Integration as a Practice
Letting Experience Land.
As I get into this week’s theme… I have to share two other accounts that really have helped me ground all of the dismay and disgust I am feeling these days towards the US government… Jess Craven’s “Chop Wood Carry Water” has been such a resource for the days where watching news can be come obsessive. She has incredible action to pair with perspective in a way that feels empowered.
I have also found that “Cut off the Spigot” super helpful in researching alternative companies to use so I can be mindful of where I spend my money.
I need these small ways to take action, so I can feel my feet beneath me when the world or life feels unreasonable.
Showing up at The Threshold is another one of those actions for me…..
There’s a quiet kind of disconnection
that happens from not actually integrating
what has/is happening….
And that is the theme today. Integration.
We live in a culture of constant intake: seeing, scrolling, consuming, reacting. But without pause, without space for reception, experience remains fragmented.
I saw a short video from Justin Scott where he spoke about spiritual entropy. Entropy being the gradual decline into disorder… the measure of energy dispersing, chaos. Justin spoke about,
When presence becomes performance,
when story becomes spectacle,
when connection becomes content —
everything is visible, but nothing is integrated.

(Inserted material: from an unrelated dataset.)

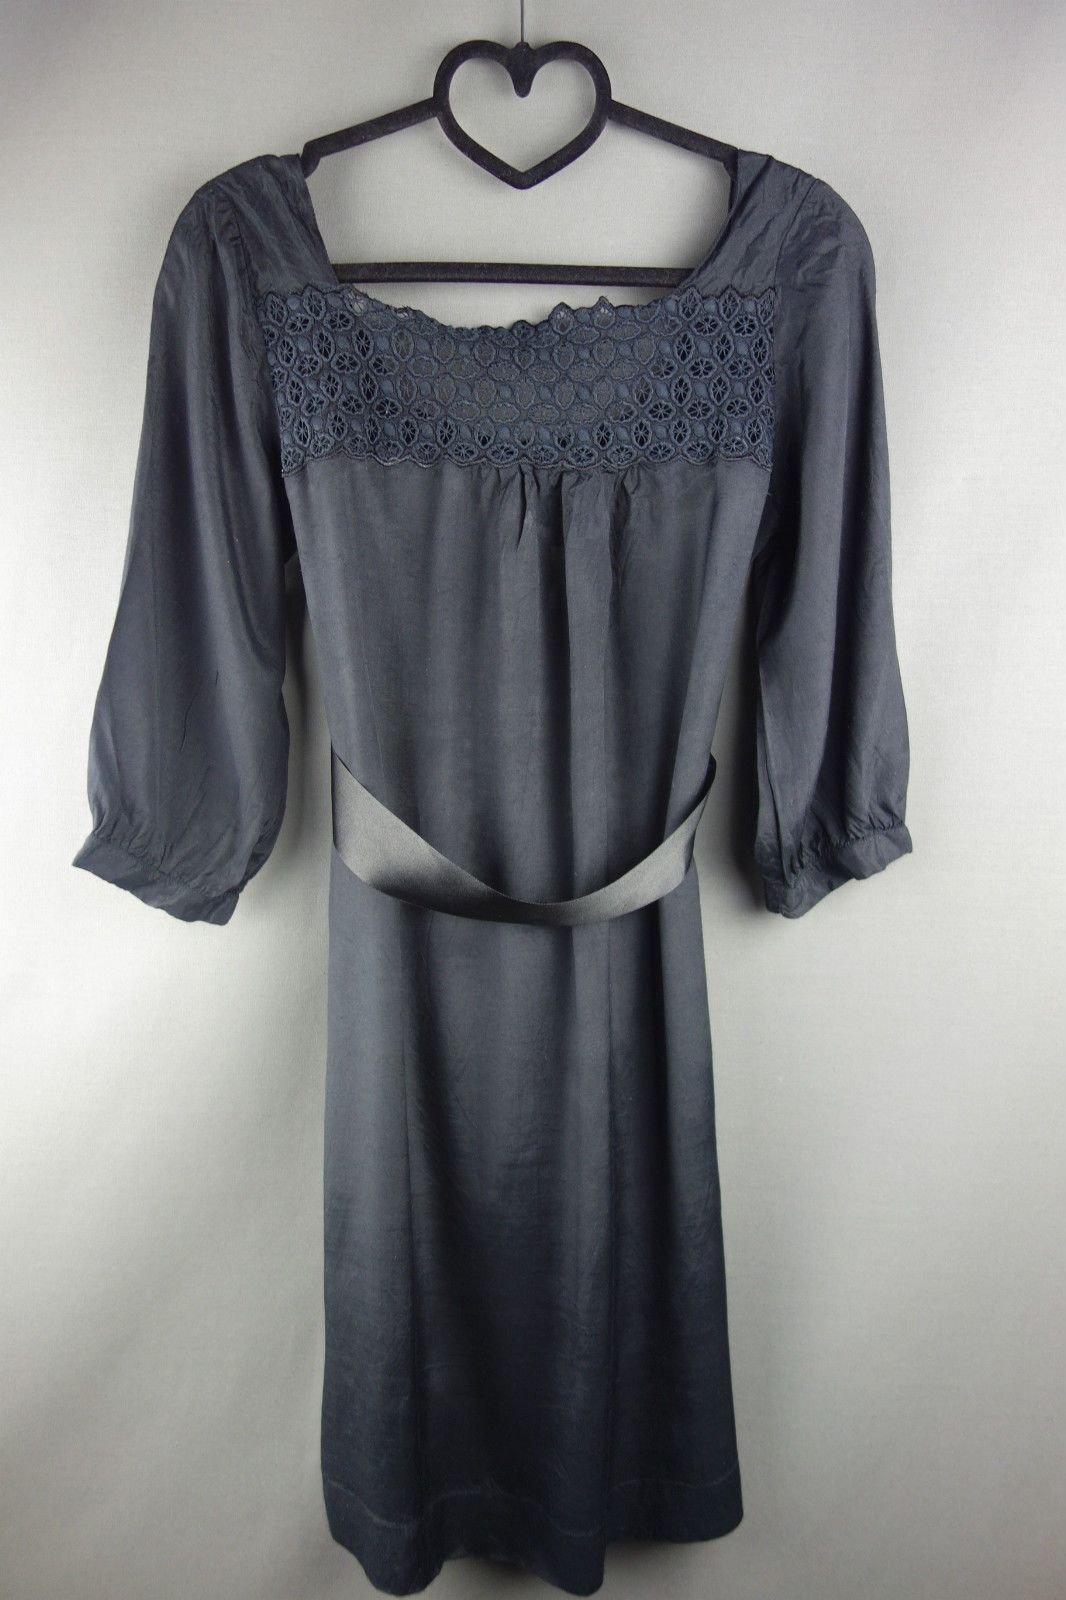 Ebay cocktail dress size 8 47

It was a really powerful connection for me in the way authenticity can be bypassed if I am only concerned with collection, expansion or consuming…
and I love the antidote to entropy is on the the path of Integration.
Integration is not a linear act, nor is it purely intellectual.
It is the slow, relational process of allowing experience to land in the body,
in its own time, through its own pathways.
There is a layer of trust in my nervous system’s intelligence to know when it is safe to metabolize experience and when it is not.
Some moments integrate immediately.
Others require distance, support, conversation, writing, or years before they reveal themselves again asking for care.
The work of integration is not extraction of information for the sake of knowing or understanding.
Instead to discern what is useful, surrendering what is not.
Tending the whole so I can root into my experience and carry forward a new way of being. Whole. Present. Mine.